I have found out that it takes a lot of time porting big Jupyter notebooks to a markdown document; sure, Jupyter can do that for you, but tweaking the markdown document so that codes and tables match the style of your blog takes an unecessary amount of time. It takes even more time to explore the data and derive insights from visualizations. Now, this is a necessary task. That’s why for the remaining journey of this Quora Challenge, I will be posting cleaned IPython notebooks along with a short summary of what I did in there.

Exploratory Data Analysis and Feature Engineering:

https://nbviewer.org/github/ydkahin/jupyter-notebooks/blob/master/notebooks/quora-views-challenge/quora_views_challenge-partiii-EDA_and_feature_engineering.ipynb

Summary:

  • Started using plotnine. Plotnine is an implementation of a grammar of graphics in Python, it is based on ggplot2.
  • Made insightful plots and practiced data visualization with plotnine.
  • Made a few functions to calculate correlation between custom columns and __ans__ including one that calculates the correlation betweeen __ans__ and a boolean column of question texts including a combination of words
  • Created two new features.

More Feature Engineering using Keywords:

https://nbviewer.org/github/ydkahin/jupyter-notebooks/blob/master/notebooks/quora-views-challenge/quora_views_challenge_partiii-more_text_analysis.ipynb

Summary:

  • Continuation of the previous notebook. A few more plots and analysis.
  • Explored combination of words using the function in the above notebook.

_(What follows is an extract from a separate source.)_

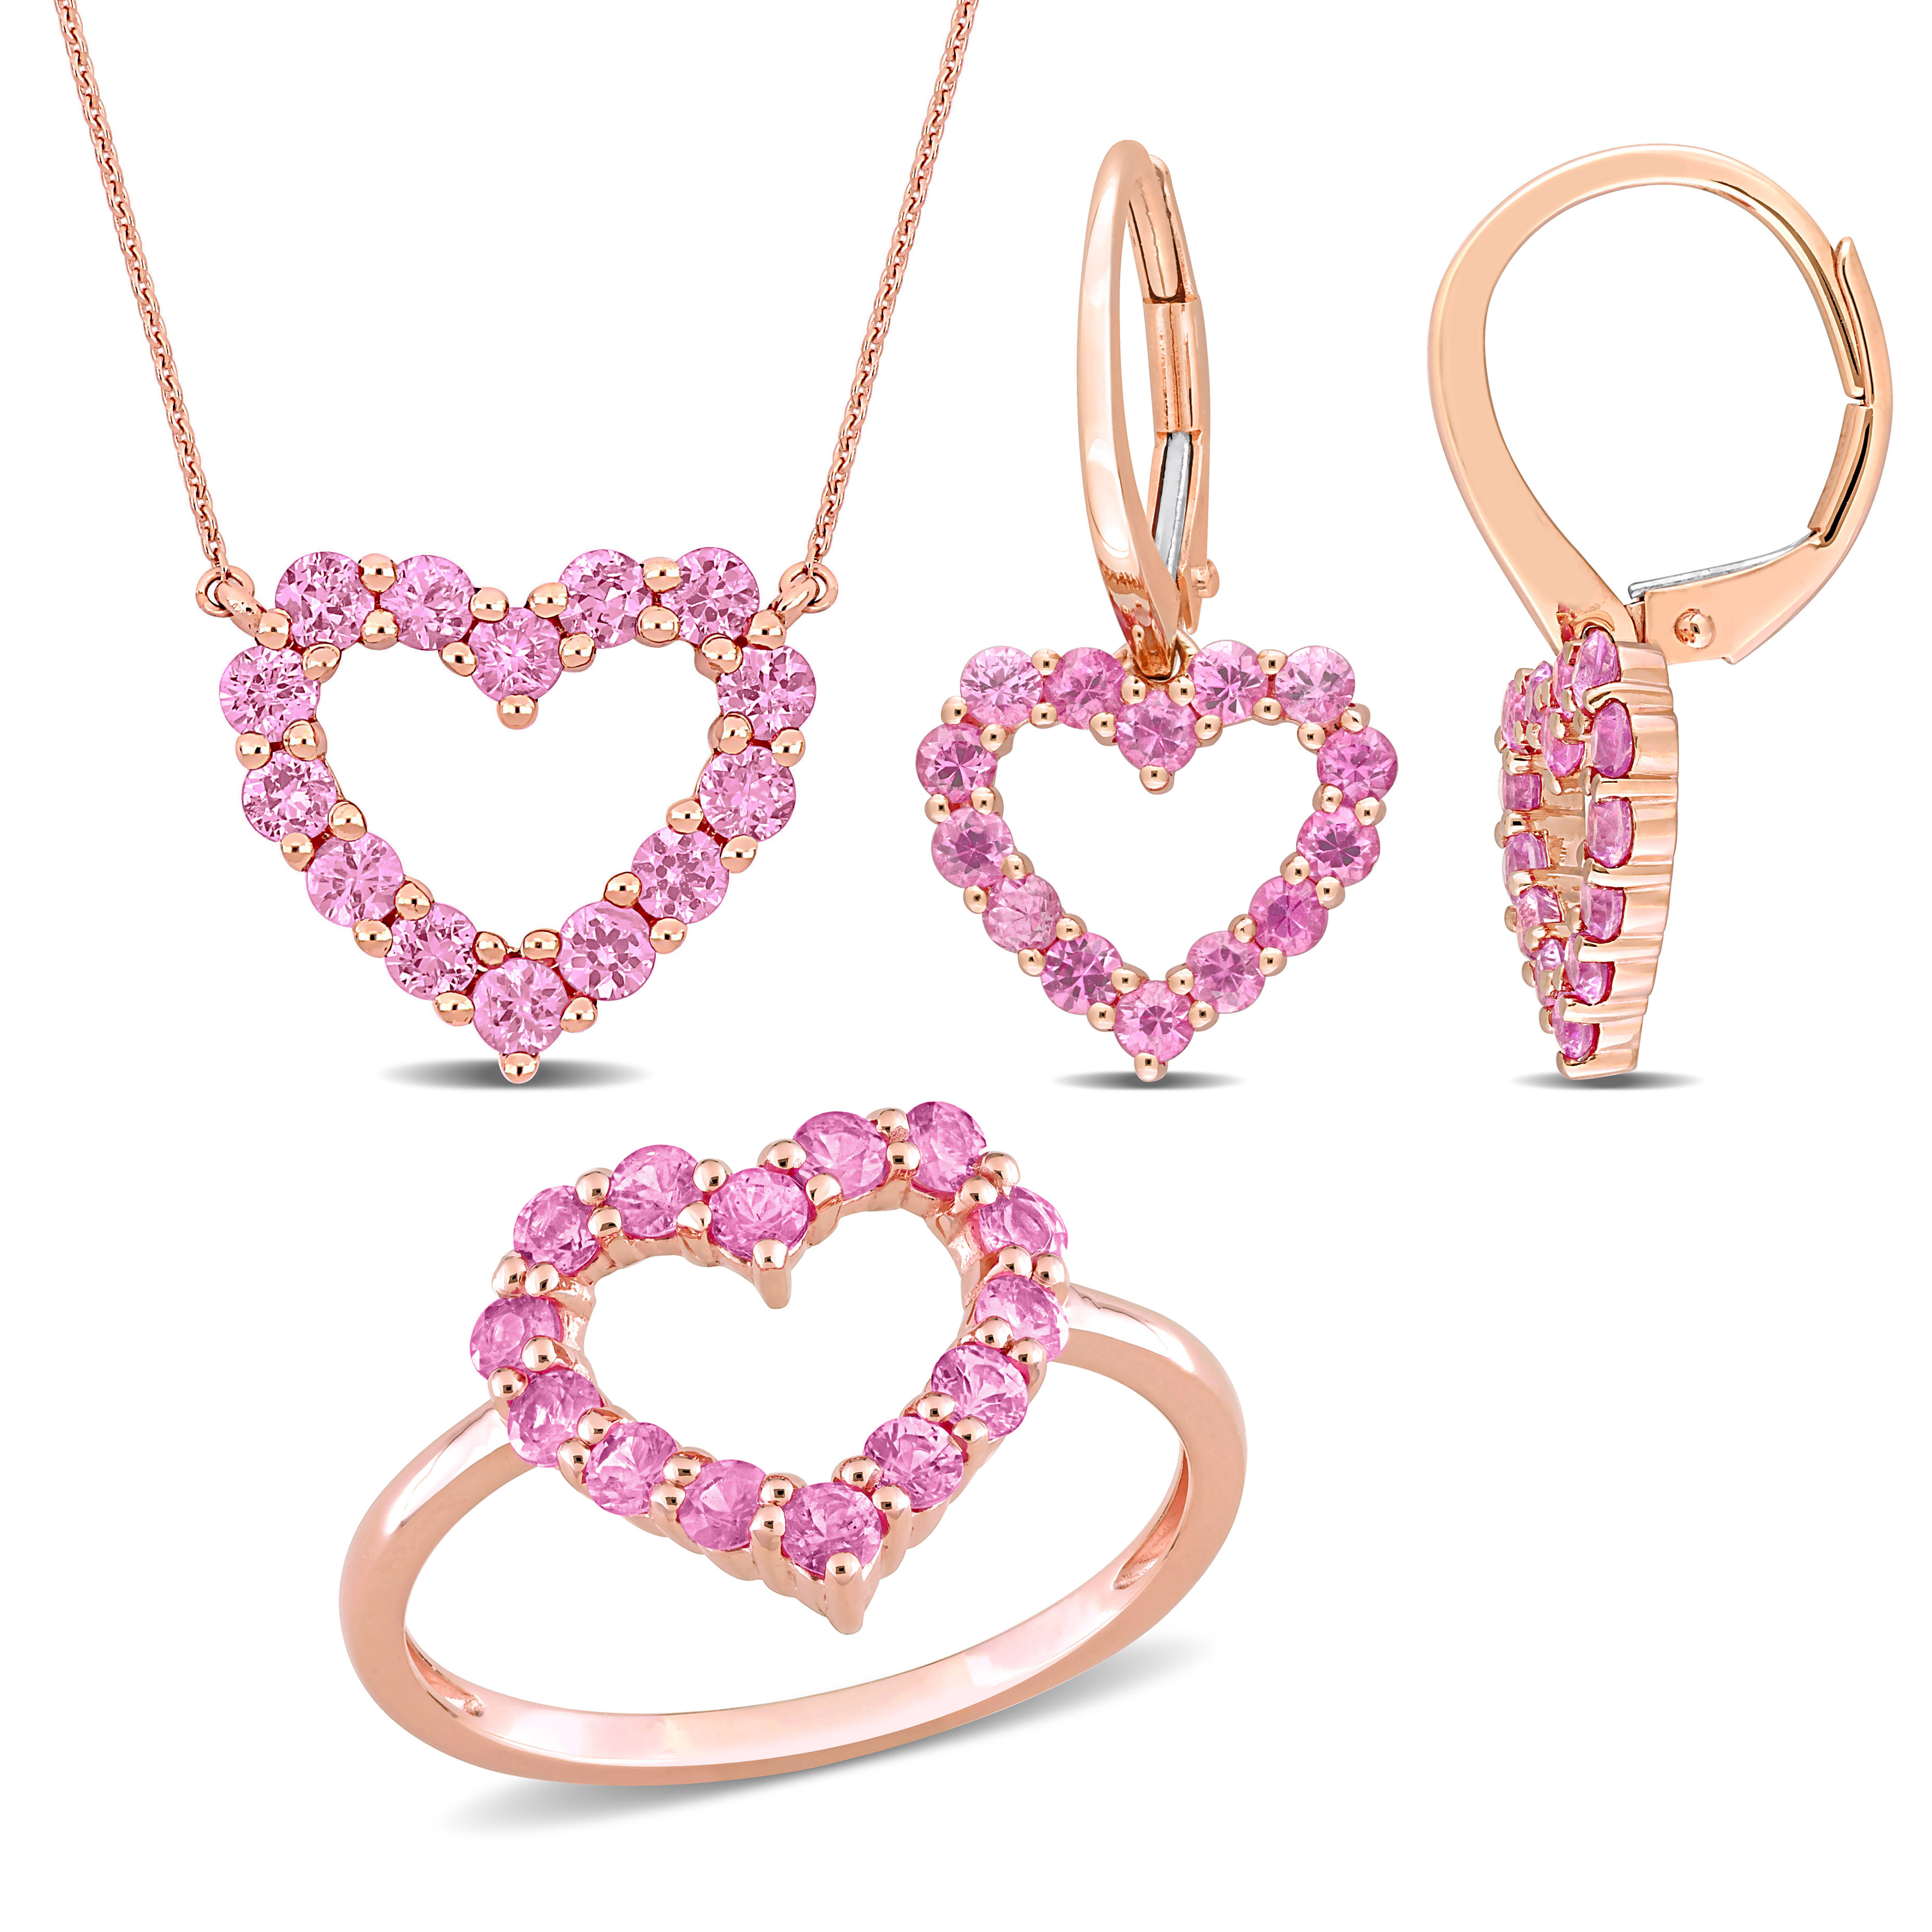 3 1/5 CT TGW Pink Sapphire 3-Piece Jewelry Set - Heart Pendant with Chain, Earrings and Ring in 10k Rose Gold

Regression with the New Features:

https://nbviewer.org/github/ydkahin/jupyter-notebooks/blob/master/notebooks/quora-views-challenge/quora_views_challenge-partiii-Regression_with_the_new_features.ipynb=force_flush

Summary:

  • Added the progress from all the previous notebooks as features to the training datafram.
  • Applied Robust scaling to the training dataframe.
  • Compared the correlation matrix (i.e., th emanheatmaps) of the features with target to the correlation matrix of the log of the features.
  • With the new features in place, trained linear, decision tree, and random forest tree regression models.
  • To improve the random forest model, applied GridSearchCV.
  • Fine tuned the hyperparameters of the Random Forest Regressor.

Conclusion:

This project more than anything has been a learning experience where I put the machine learning, data visualization, and cleaning lessons in practice. The results from the models weren’t impressive. But the lack of challenge goals (set by Quora) also made it hard to track how well my efforts were to reaching an acceptable model. Therefore, I will put the project to halt here.